In this post I use Rosyln to covert C# code to HTML. Took me best part of a day to understand the Rosyln code. Not exactly straightforward.

The Code

The code is split into two parts, syntax tree walker, code renderer. There is then the code to compile c# code and convert to HTML. To date, comments, keywords and document comments (e.g. ///) are catered for.

IRenderCode interface

To keep things simple, this interface renders code based upon a supplied Token and string. Another way is to have a method for each token to handle. However, I tend to like smaller interfaces.
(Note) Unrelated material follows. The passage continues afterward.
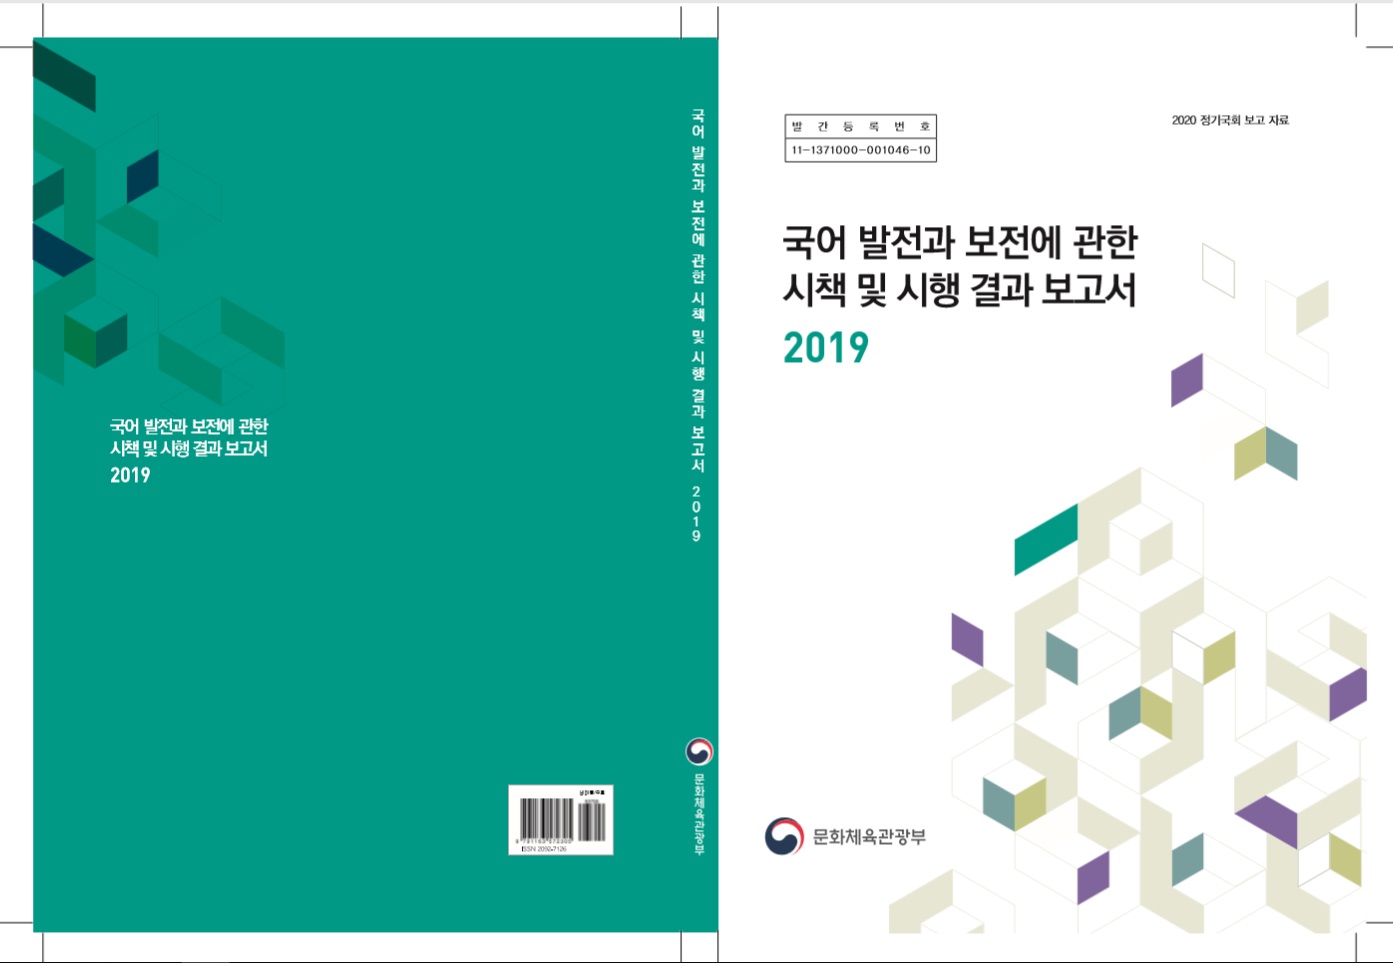 2019년 국어 발전과 보전에 관한 시책 및 시행결과보고서

The IRenderInterface is defined as follows...

Top

using CSharpToHtml.CodeRenderers;
namespace CSharpToHtml
{
  /// <summary>
  /// The Token enum lists all tokens we are interested in for C# to HTML conversion.
  /// </summary>
  public enum Token
  {
    Comment,
    DocumentComment,
    LiteralChar,
    LiteralString,
    Keyword,
    Text,
  }

  /// <summary>
  /// The IRenderCode interface renders token and supplied text.
  /// The Completed method is called once tokenisation is completed.
  /// </summary>
  public interface IRenderCode
  {
    void Render(Token token, string text);
    void Completed();
  }

  /// <summary>
  /// The FactoryRenderCode class creates specific renderer instances.
  /// </summary>
  public static class FactoryRenderCode
  {
    public static IRenderCode ToConsole() =>
      new RenderCodeConsole();

    public static IRenderCode ToHtml(TextWriter writer) =>
      new RenderCodeHtml(writer);
  }
}
Top

Rendering HTML

The HTML render class is as follows...


using System.Web;
namespace CSharpToHtml.CodeRenderers
{
  class RenderCodeHtml : IRenderCode
  {
    private readonly TextWriter _writer;
    private readonly Dictionary<Token, Action<string>> _handlers;    

    public RenderCodeHtml(TextWriter writer)
    {
      _writer = writer;
      _writer.Write("<pre class="code"><code>
");
      _handlers = new Dictionary<Token, Action<string>>
      {
        { Token.Comment, s => Write("Green", s) },
        { Token.DocumentComment, s => Write("Green", s) },
        { Token.Keyword, s => Write("Blue", s) },
        { Token.LiteralChar, s => Write("Red", s) },
        { Token.LiteralString, s => Write("Red", s) },
        { Token.Text, s => Write(s) },
      };
    }

    public void Render(Token type, string text)
    {
      _handlers[type](text);
    }

    public void Completed()
    {
      _writer.Write("</code></pre>");
    }

    private void Write(string text)
    {
      _writer.Write(HttpUtility.HtmlEncode(text));
    }

    private void Write(string color, string text)
    {
      _writer.Write($"<span style="color:{color};">");
      Write(text);
      _writer.Write("</span>");
    }
  }
}
Top

Syntax Tree Walker

To make all of this work, one needs a syntax tree walker. Using the CSharpSyntaxWalker was a good start. The first thing I wanted to do, for test purposes, was to traverse the syntax tree and print values so that the resultant content would look like my original code. This is what one might call a sanity check. The syntax walker class is as follows...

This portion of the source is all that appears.